After 24 years of fighting the Indonesian army, East Timor is now free. The independence struggle is over.
The old generation of war-weary fighters, who have fought in the mountains ever since 1975, have returned to their families.
But Commander Lere, the deputy chief of staff, makes it plain Falintil will not be disbanded.
"Our aim is to continue to serve the people," he said. "Older people are giving way to younger people. We are restructuring our forces. Yes, we are recruiting young people. Older people are leaving but many young people want to join Falintil."
As Falintil seeks to redefine its mission - seeking greater participation in the defence of the territory in co-ordination with UN peacekeepers, and building a new army - some UN officials are concerned the transformation may conflict with the UN's mandate, which includes the recruitment and training of a professional army after the "demobilisation of all irregular forces".

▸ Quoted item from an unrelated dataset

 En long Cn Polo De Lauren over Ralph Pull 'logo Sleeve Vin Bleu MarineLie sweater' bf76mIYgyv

Brigadier-General Rezaquil Haider, the UN chief of military observers in East Timor, said it was too early to take decisions about a future army.
"The Falintil army is very different from a conventional army. These kind of changes cannot be achieved overnight."

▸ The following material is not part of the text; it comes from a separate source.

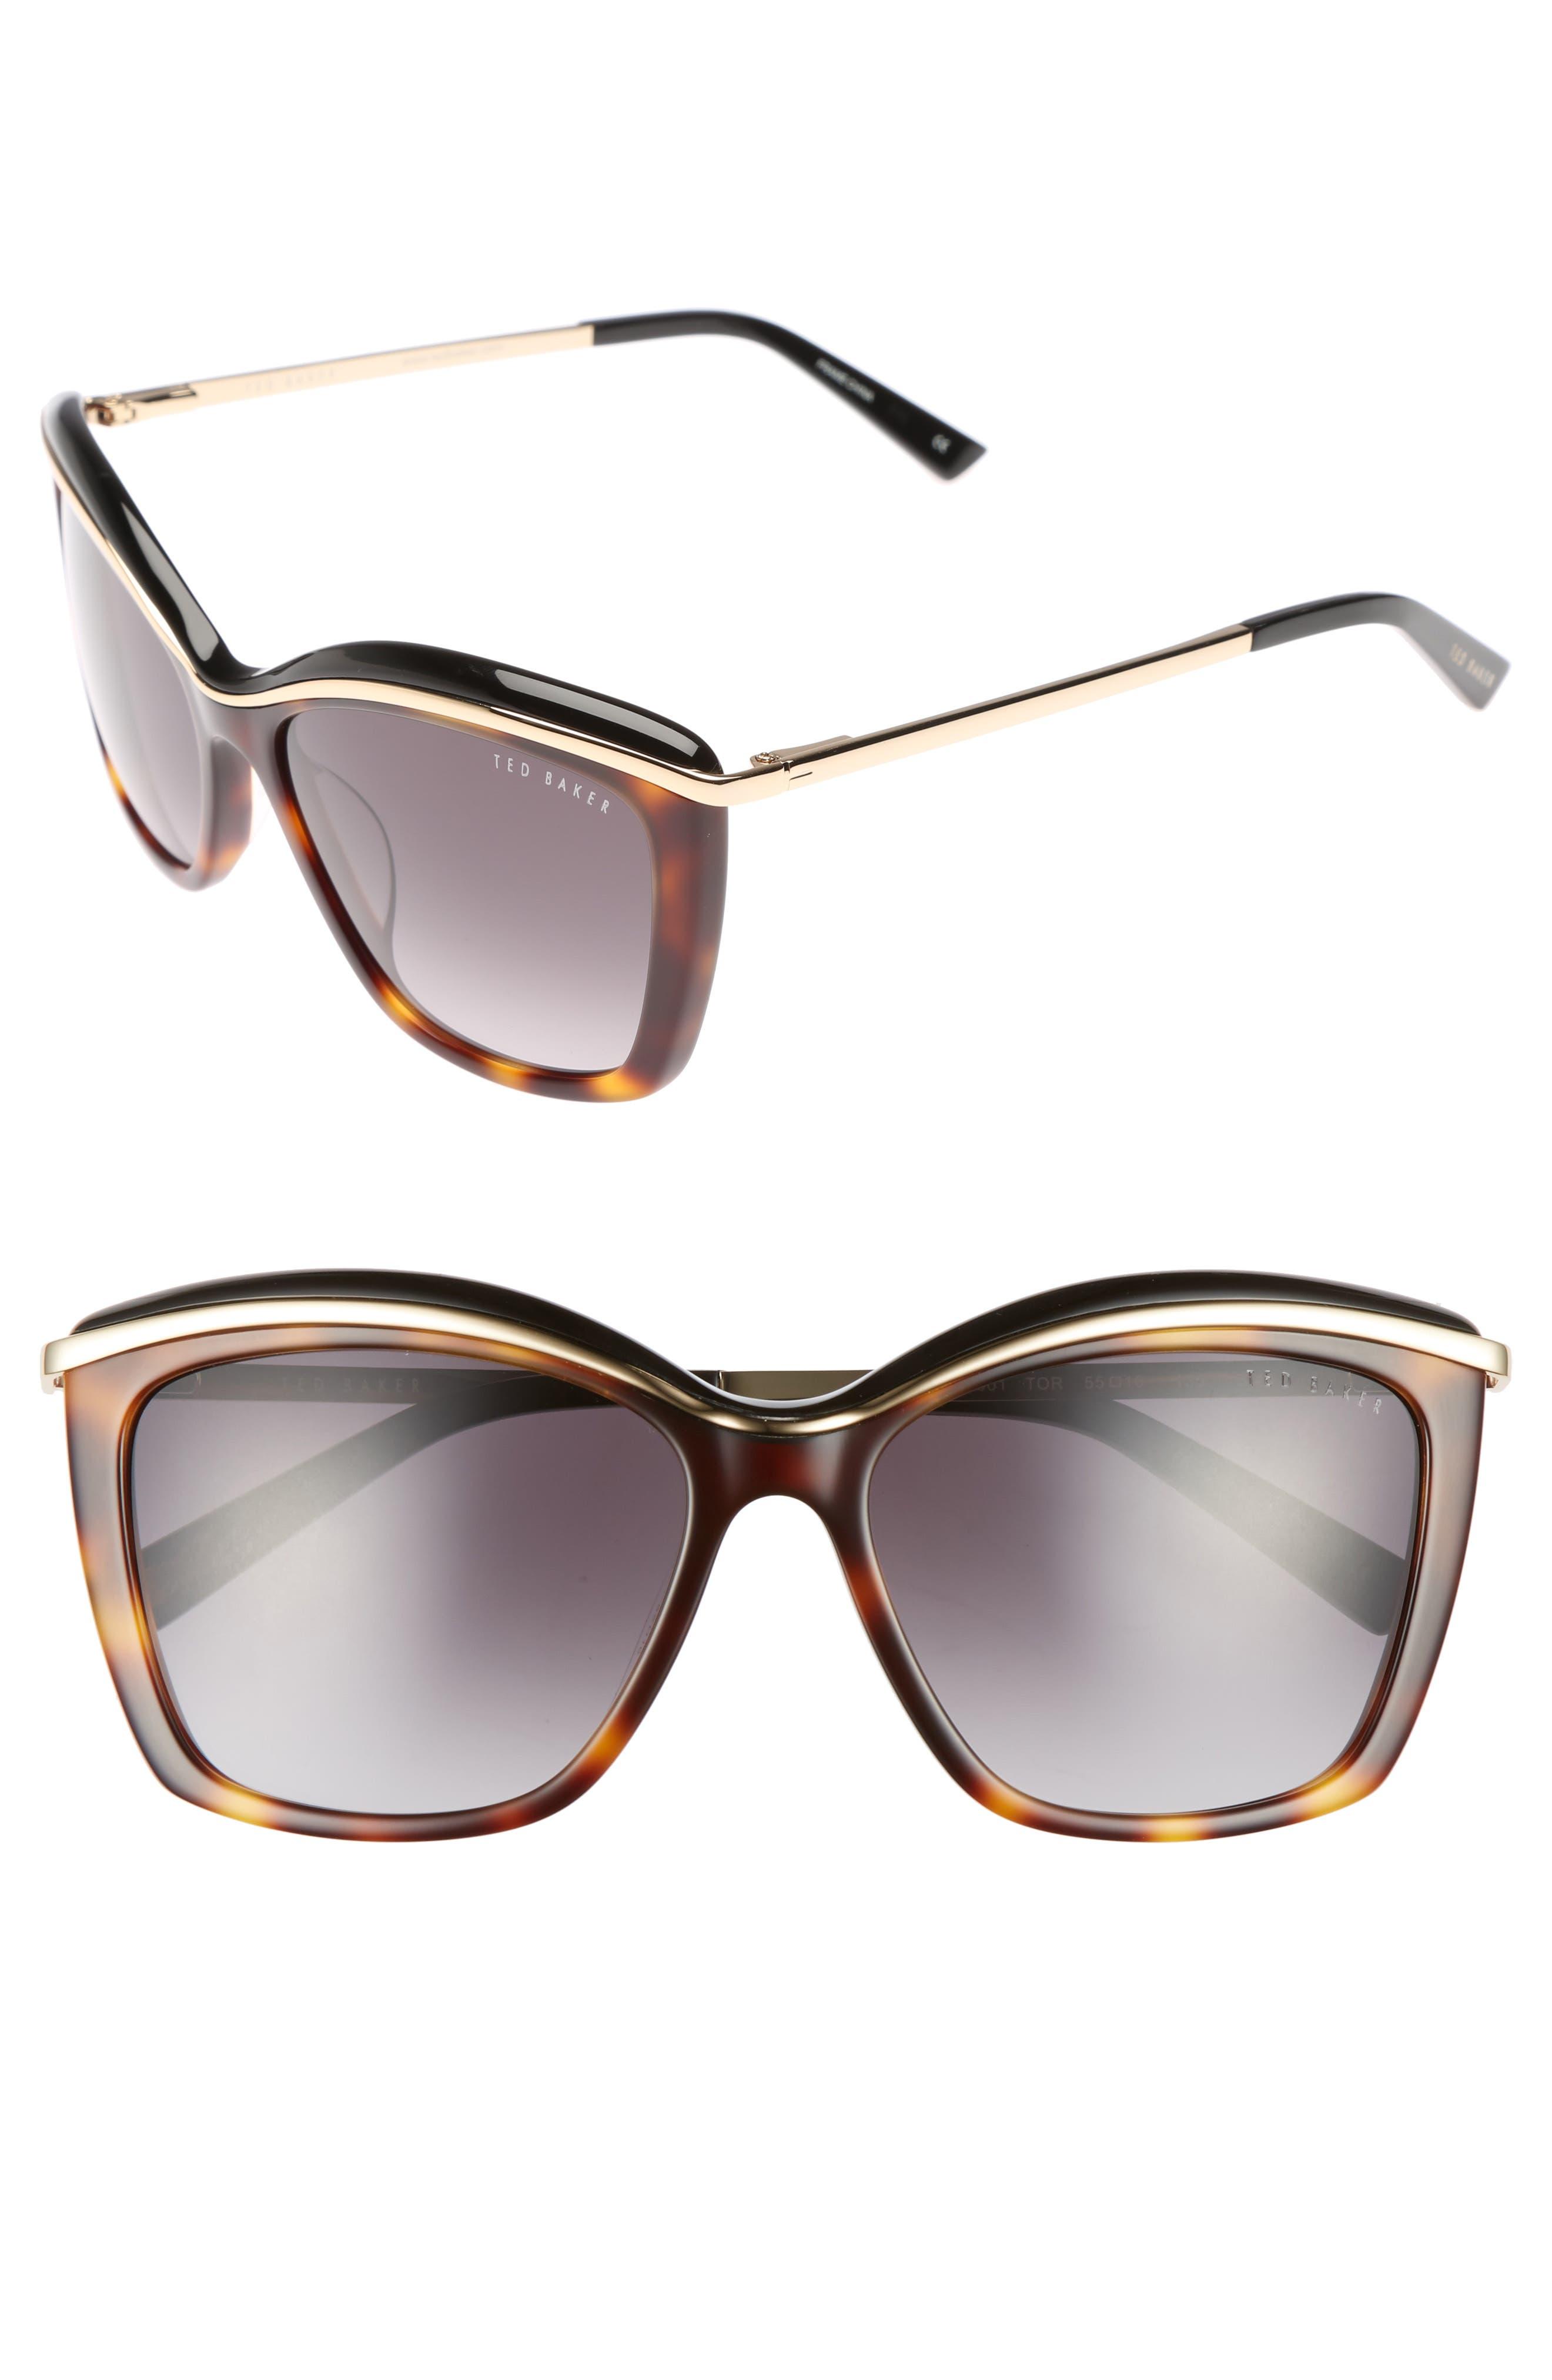 55mm Cat Eye Sunglasses,                         Main,                         color, Tortoise

The New Zealand Defence Minister, Mr Mark Burton, who recently visited East Timor, held talks with the Falintil chief of staff, Commander Taur Matan Ruak, in Aileu and was impressed by the commander's commitment to nation-building.
Falintil sees this month's handover by Interfet of all peace-keeping operations to the UN as a chance to press its claims for an active role in national security and policing.

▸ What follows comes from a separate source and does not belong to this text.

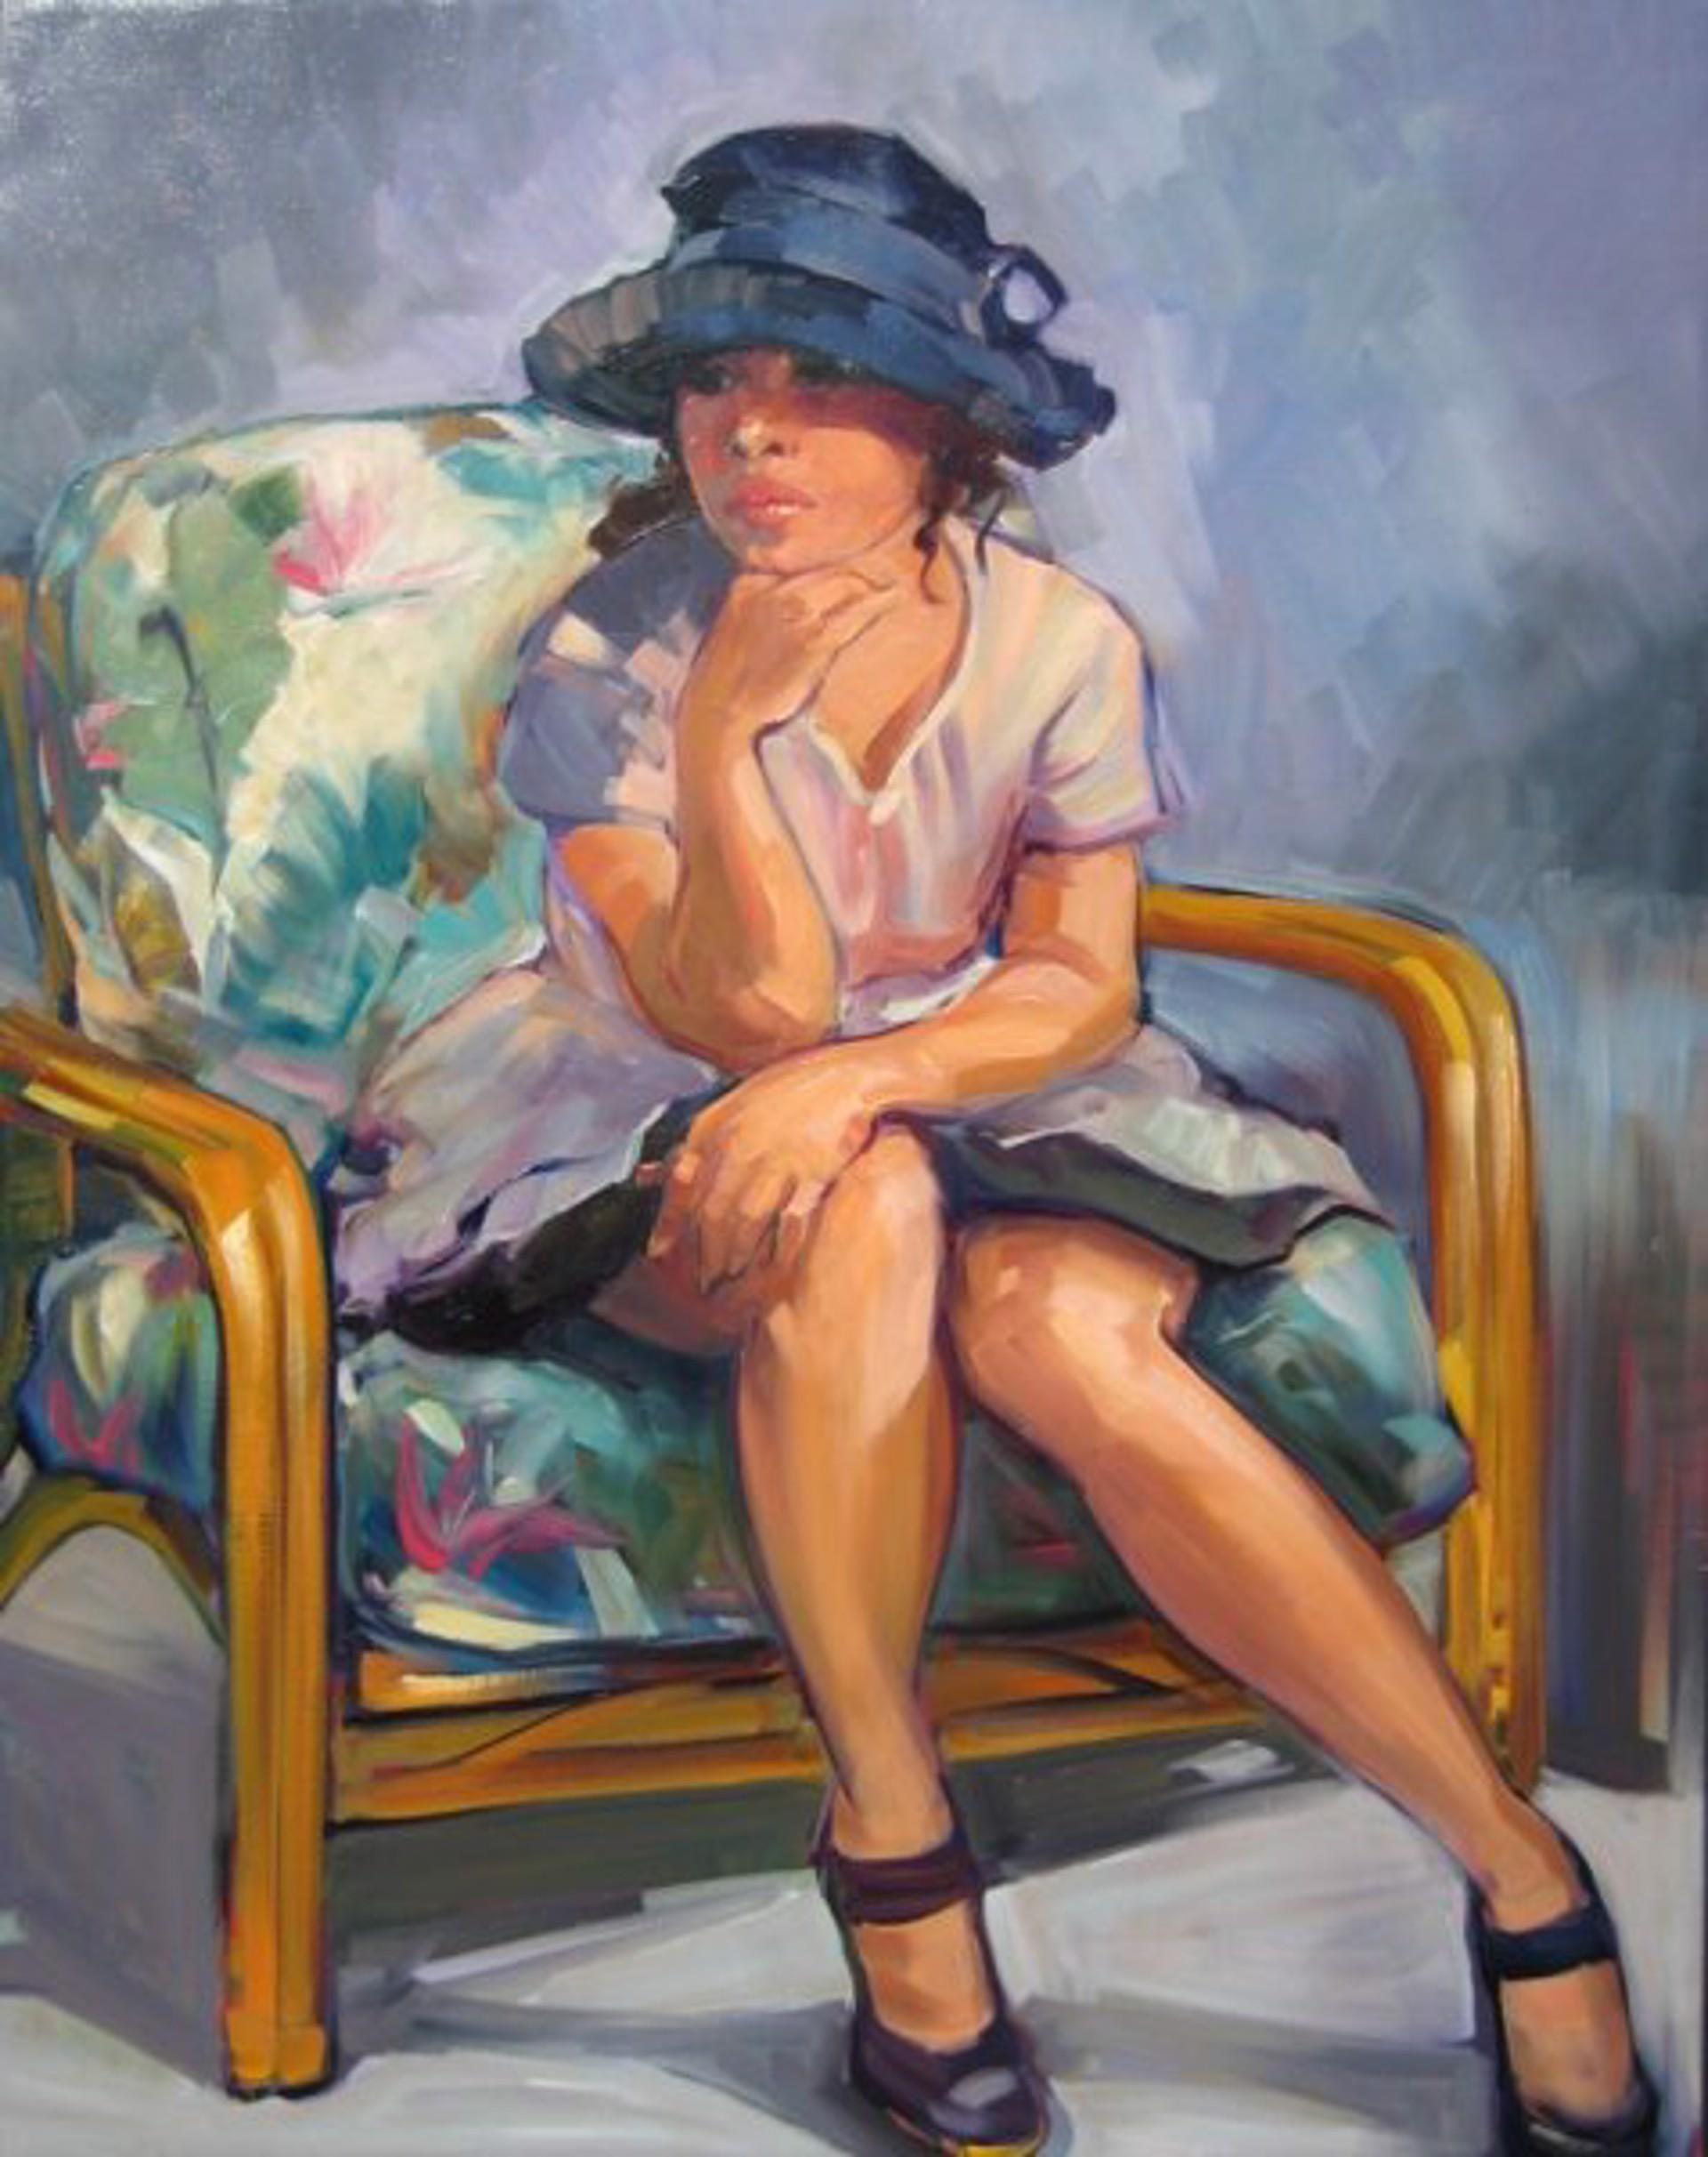 Vintage Hat (Maria Bertran) by Maria Bertrán

"I am concerned about infiltration from the [Indonesian- backed] militias, and it is better if Falintil is working with UN peacekeepers to prevent this," Commander Lere said.
"Falintil is very capable to do this work. We know the people, the population. We can support UNTAET in providing security.
"We will propose that we have a policing role and we must also be allowed to carry our arms, as we did during the last 24 years."
A senior UN military observer said a bigger role for Falintil could be negotiated. Under the present Interfet mandate, Falintil cannot carry arms outside their cantonment zone so some defacto regular status would be required.
Until now, Falintil has accepted a largely passive role, although some guerilla units have provided Interfet with intelligence on militia activities along the border with West Timor.
Whether East Timor will have an army or just a small presidential guard is an open question.
At one time, the independence leader, Mr Xanana Gusmao, advocated no standing army at all, but militia threats along the border and the vulnerability of the Oecussi enclave have convinced him "we have to assure our people we are ready if necessary to defend our country".
A UN military expert from New Zealand said he did not oppose Falintil's recruitment drive.
"If they are taking young unemployed people off the street and giving them some discipline and training, that is something positive," he said.